Zo’n dertigduizend zeeschepen verslepen dit jaar ongeveer 430 miljoen ton lading van en naar de Rotterdamse haven, ruim een kwart ervan in containers. Dat is bijna 27 duizend kilo per Nederlander. Binnenvaartschepen, treinen, vrachtwagens en een enkele pijpleiding zorgen voor verder vervoer. Over twintig jaar willen de havenbaronnen twee à drie keer zo veel lading door deze megahaven laten stromen. Kan dat wel?
‘In ieder geval niet zomaar’, zegt Rudy Negenborn (31). ‘De haven zelf zal het wel aan kunnen, maar de weg is nu al vol, en het spoor bijna. De binnenvaart kan nog wél flink meer hebben, zelfs met het huidige aantal schepen, en is ook nog het goedkoopst en milieuvriendelijkst. Alleen, als er niet slimmer gewerkt wordt, zal het aantal knelpunten toenemen. Een probleem op één plek heeft al snel gevolgen voor de rest van de keten.
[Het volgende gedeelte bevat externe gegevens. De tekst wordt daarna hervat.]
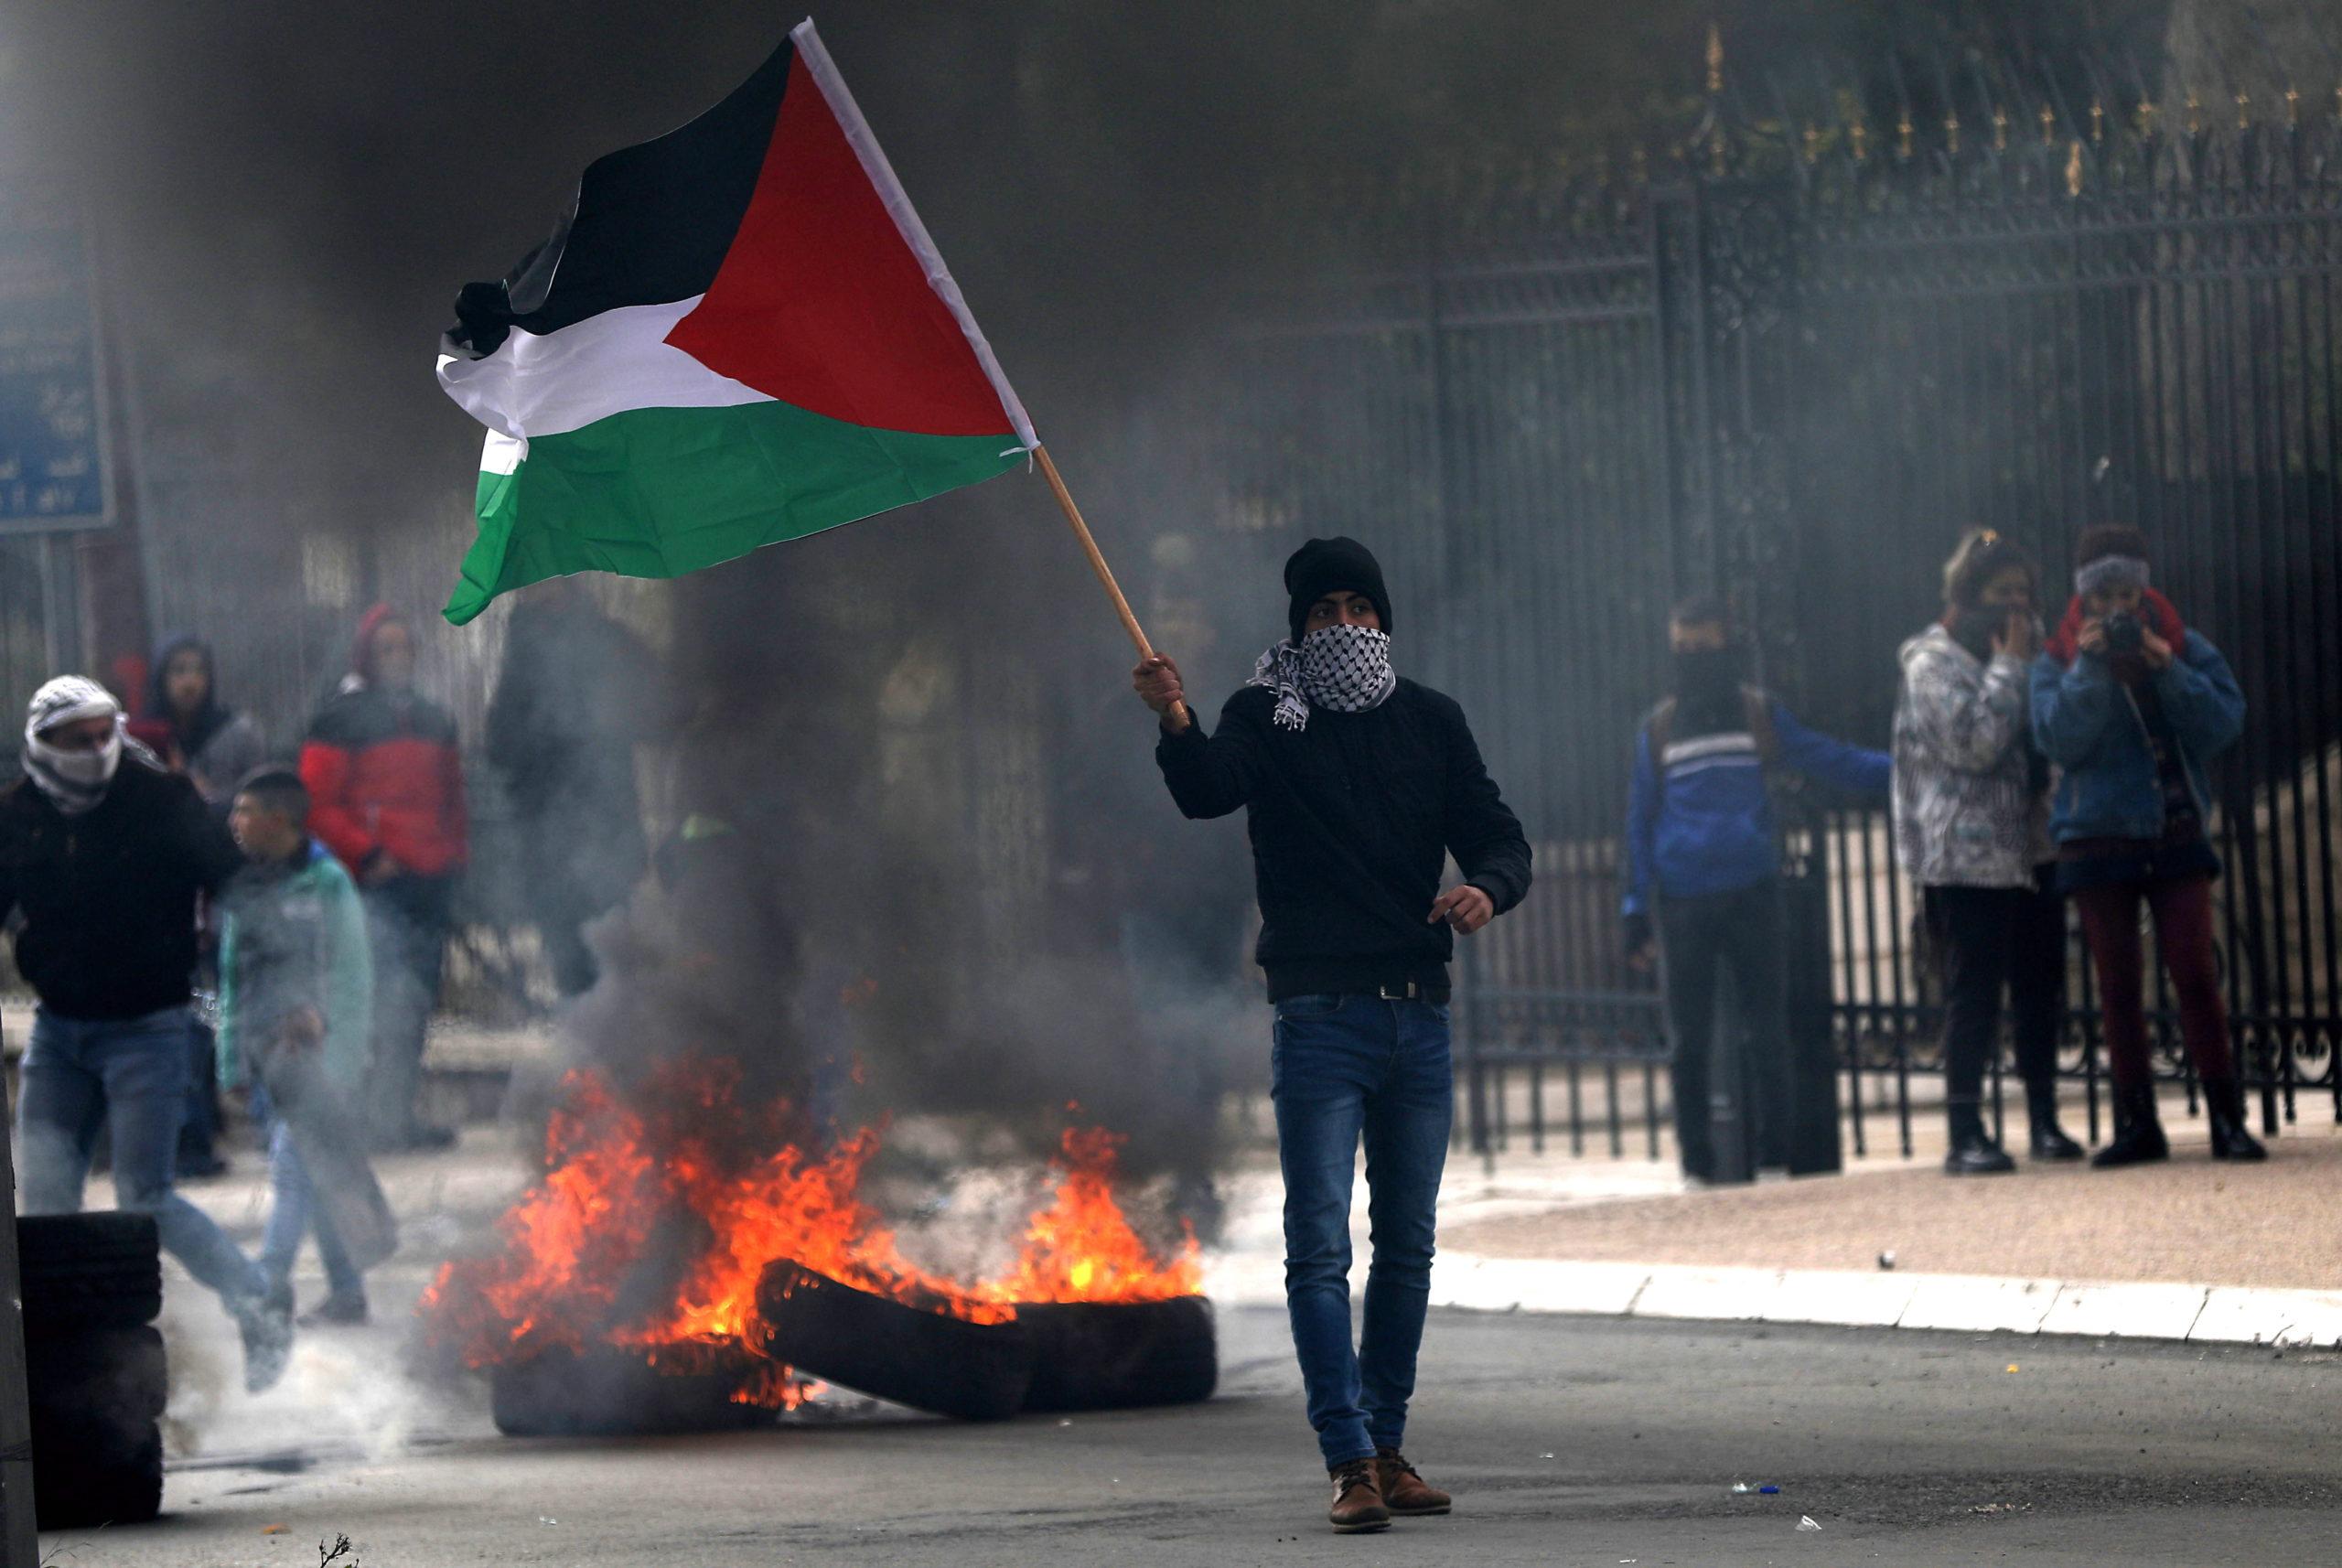 Erőszakkal készülnek a palesztinok az izraeli annektálásra?

Als een zeeschip bijvoorbeeld te laat binnenkomt, moeten de binnenvaartschepen daarop wachten. Ze liggen regelmatig tientallen uren niets te doen. Ook zeeschepen zie je trouwens vaak voor de kust liggen. Die wachten dan tot ze aan de beurt zijn.’
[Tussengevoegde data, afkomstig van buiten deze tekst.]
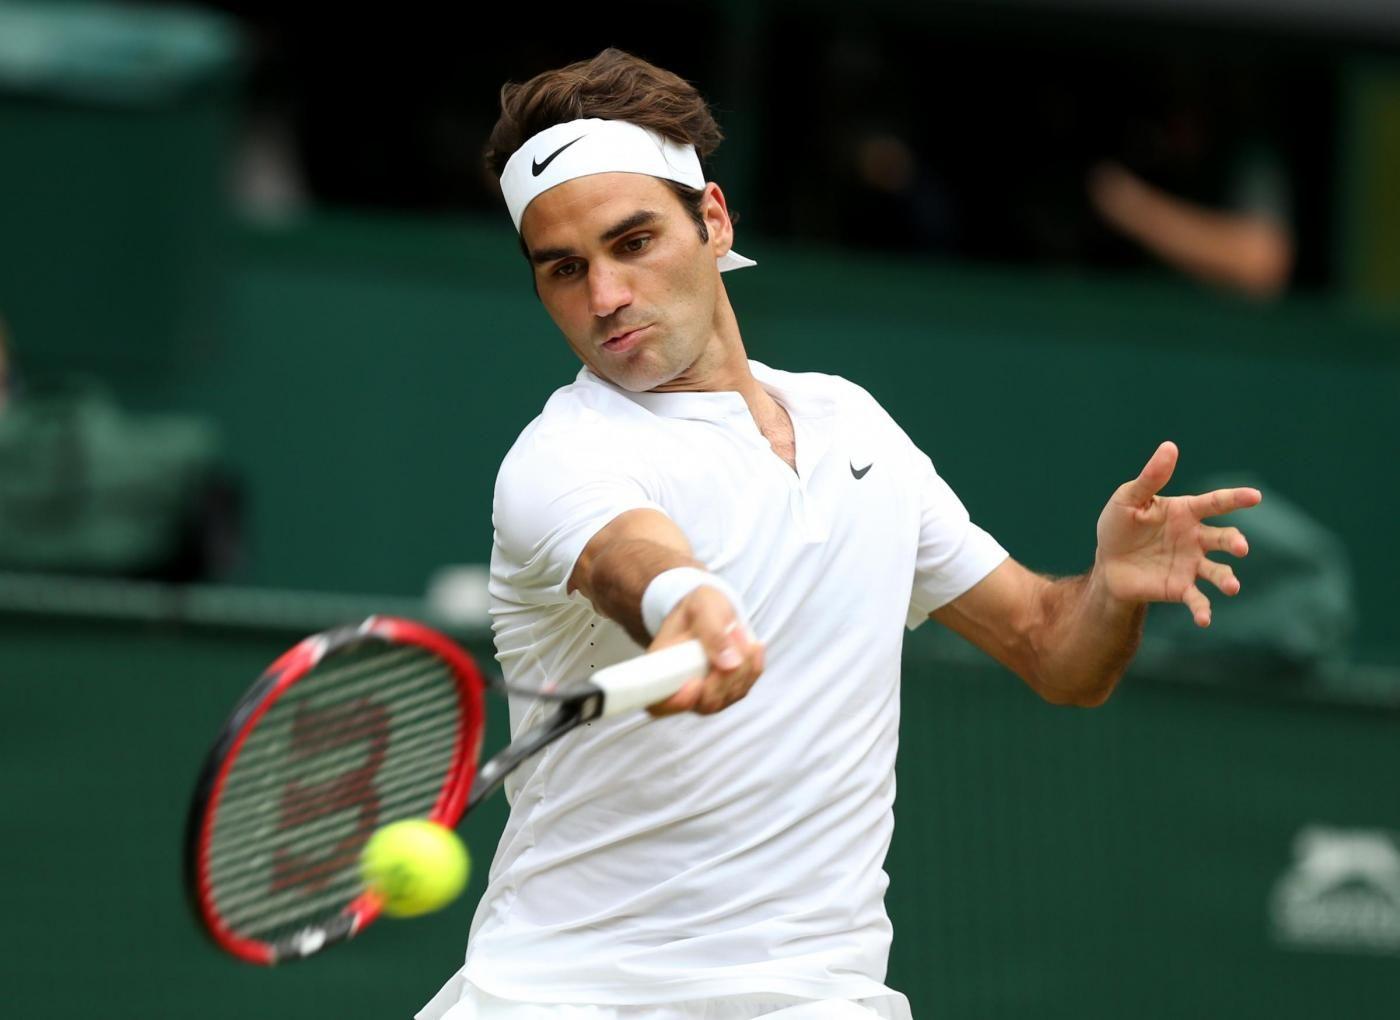 Tennis Internazionali d'Italia 2019: Federer ci sarà!

Negenborn is universitair docent en onderzoeker aan de TU Delft. Hij bestudeert grootschalige transportstromen en wil daar graag iets van laten zien. Rotterdam is met afstand de grootste haven van Europa en staat - met verder uitsluitend Aziatische havens - in de wereldwijde top tien. En heeft binnenkort natuurlijk de Tweede Maasvlakte, het nieuwe industriegebied dat in zee wordt aangelegd om een nog veel grotere goederenstroom mogelijk te maken.